# Local source for ADA Aqua Soil



## TetraGuy72 (Dec 12, 2009)

Just curious if any of the LFS sell it. I think FG might, but I can't remember. Also if anyone happens to know the price for a 9l bag I would appreciate it.


----------



## alexopolus (Jan 18, 2010)

There isn't any in DFW, fish gallery hasn't carry any ADA stuff for a while. True percula used to but they don't carry it anymore. Brightswell Rio Escuro works very well, I have it in my shrimp tank and planted tank.


----------



## TetraGuy72 (Dec 12, 2009)

alexopolus said:


> There isn't any in DFW, fish gallery hasn't carry any ADA stuff for a while. True percula used to but they don't carry it anymore. Brightswell Rio Escuro works very well, I have it in my shrimp tank and planted tank.

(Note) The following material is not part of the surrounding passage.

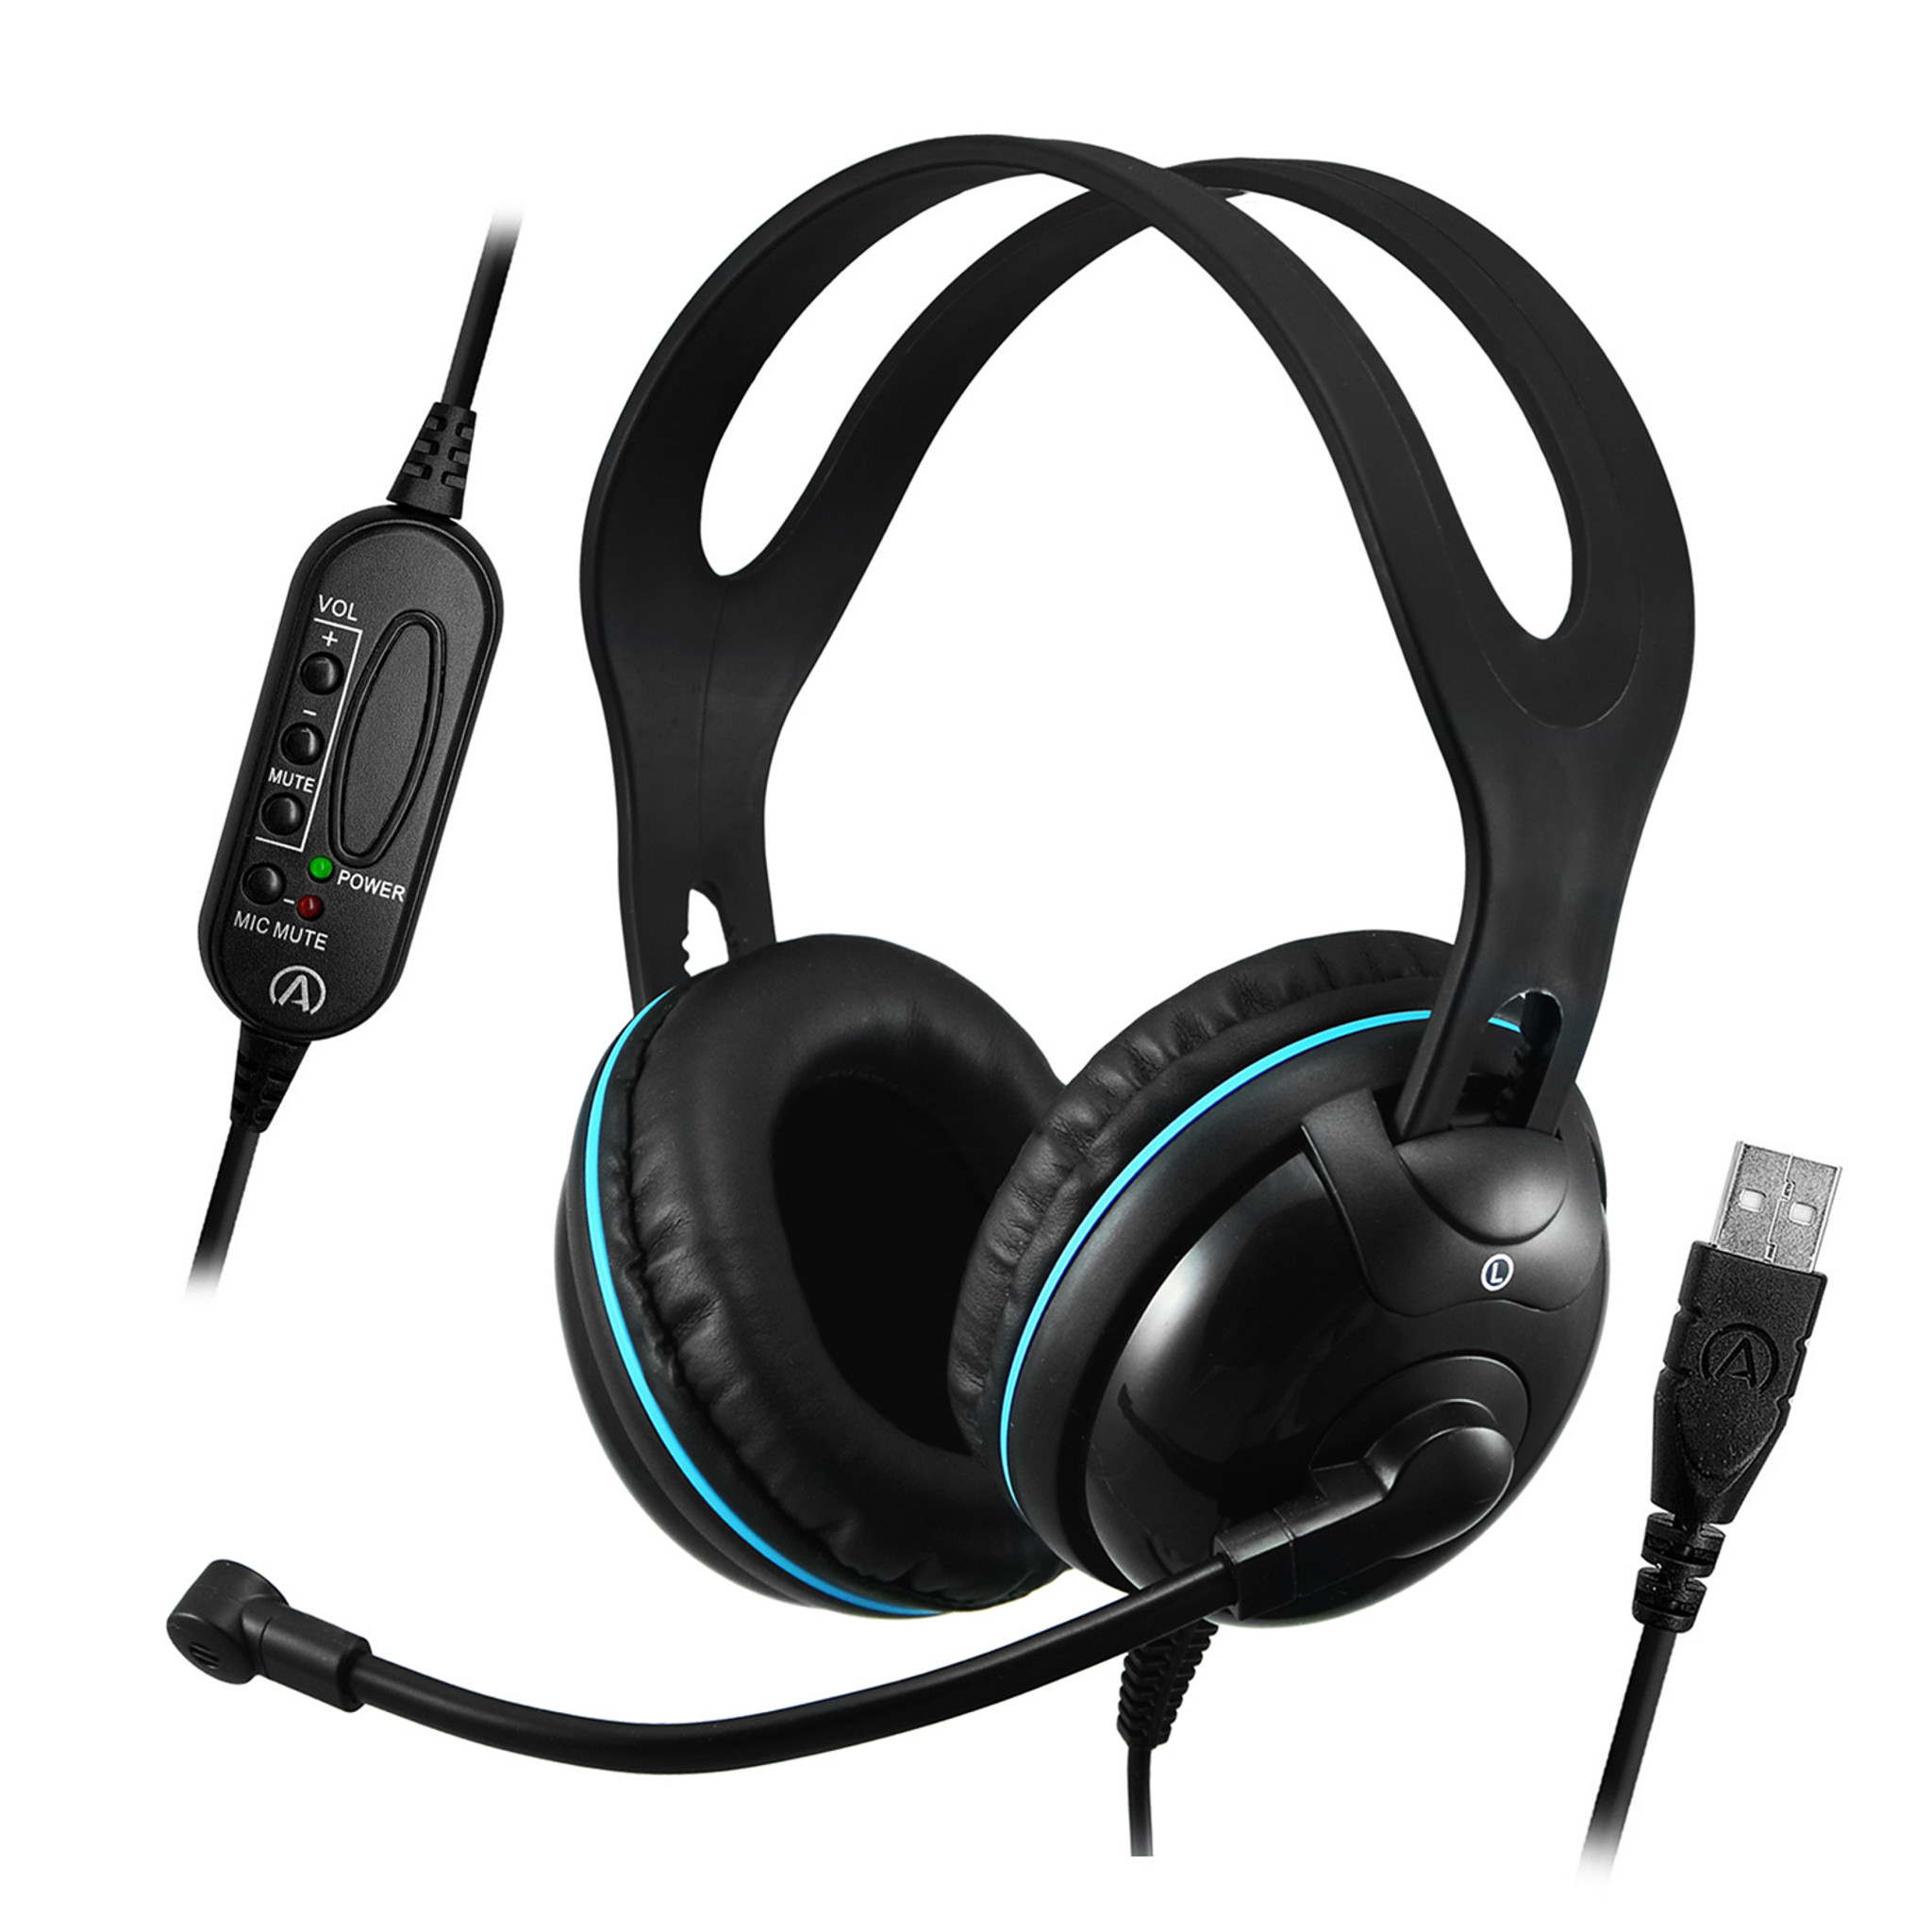 NC-455VM USB Over-Ear Stereo USB Headset with In-line Volume and Mute Controls - Communications

I've never seen that anywhere. Where can you buy it? How does it compare to AS in terms of price?


----------



## alexopolus (Jan 18, 2010)

Last time I checked fish gallery had it. The price is pretty much the same. It does pretty much the same than aquasoil, but I think aquasoil buffers the water a bit lower than rio Escuro. My tank has been running for more than a year with no issues.


----------